I believe that building a custom solution is bad. The tricky part is, using the shadow table approach you can’t lock the original table and you can miss all the writes performed on it during the process. The github solution reads from the transaction log which is brilliant, and I’m not sure we can do that without a big effort.

@jdick, any update on this investigation?

@lluismf, were you able to continue using the OpenMRS UI during the 4 minutes that the alter table statement was running?

@jeffneiman, can we schedule for next Monday’s design forum:

TRUNK-4976 - Support obs.interpretation and obs.status, aligned with FHIR

(I’m hoping @burke will be back from vacation and able to join then. @angshuonline, @hesicong FYI.)

No, I wasn’t using the UI. For what I read the ALTER TABLE in the current version of MySQL does not lock the table.

Per today’s Design meeting, here’s my cut on paring down the very large list of flags in https://www.hl7.org/fhir/valueset-observation-interpretation.html .

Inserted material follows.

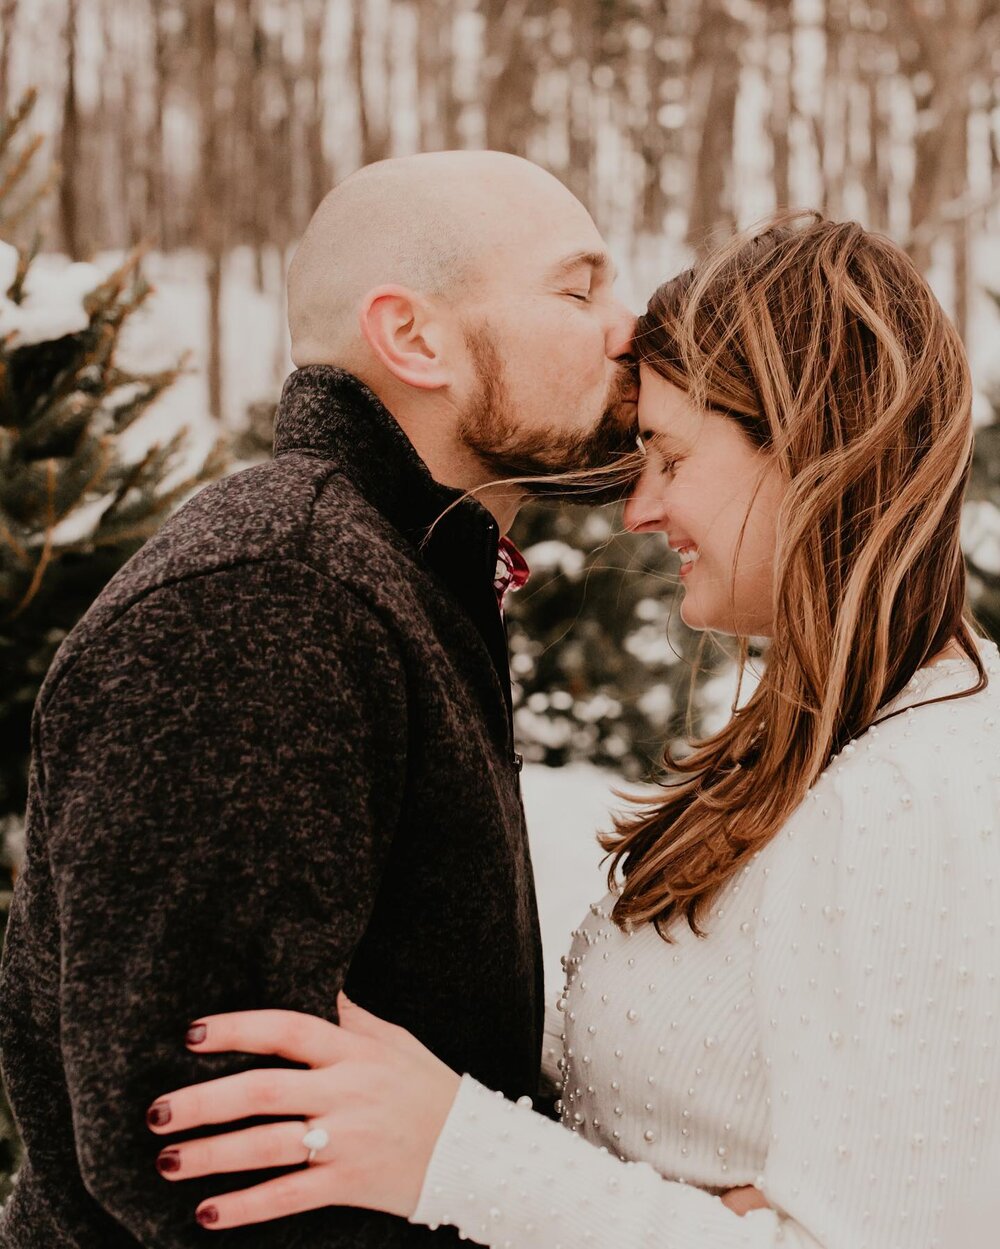 Was it cold? Yes. Was it worth it? Also yes. (Sneak Peek 2/3) &bull;&bull;&bull;&bull;&bull;&bull;&bull;&bull;&bull;&bull;&bull;&bull;&bull;&bull;&bull;&bull;&bull;&bull;&bull;&bull;&bull;&bull;&bull;&bull;&bull;&bull;&bull;&bull;&bull;&bull;&bull;&bull;&bull;&bull;&bull;&bull;&bull;&bull;&bull;&bull;&bull;&bull;&bull;&bull;&bull;&bull;&bull;&bull;&bull;&bull;&bull;&bull;&bull;
#cle #cleveland #clevelandwedding #clevelandweddingphotographer #thisiscle #neoweddingphotographer  #neohioweddingphotography #clevelandweddingphotography #weddingphotography #wedding  #love #engagementphotos #engaged #clevelandengagementphotographer #amandacelisphotography #weddingwirecleveland #theknotcleveland

Thanks for doing this @jteich. Some comments:

Your narrative about what to include makes a lot of sense. You should have put it before the table so I didn’t start going row by row. :slight_smile:

I think we should also support < and >. These aren’t the same as LL and HH, rather they are “Off Scale (Low/High)”, i.e. can’t be accurately measured by the lab machine. For HIV I remember it being an important use case (that we never got right) to record undetectable Viral Load for which the machine we had reported “<40”, its lower limit. (Though maybe in FHIR that should be stored in a different property? Viral Load “<40” is both “normal” and “off scale low”.)

You wrote that B and W can be replaced by U/D, but this isn’t strictly true, since up/down imply knowing the direction of change, whereas better/worse can apply to a qualitative finding. (This is nitpicking though. I have no use case for this and I’m not arguing for adding it.)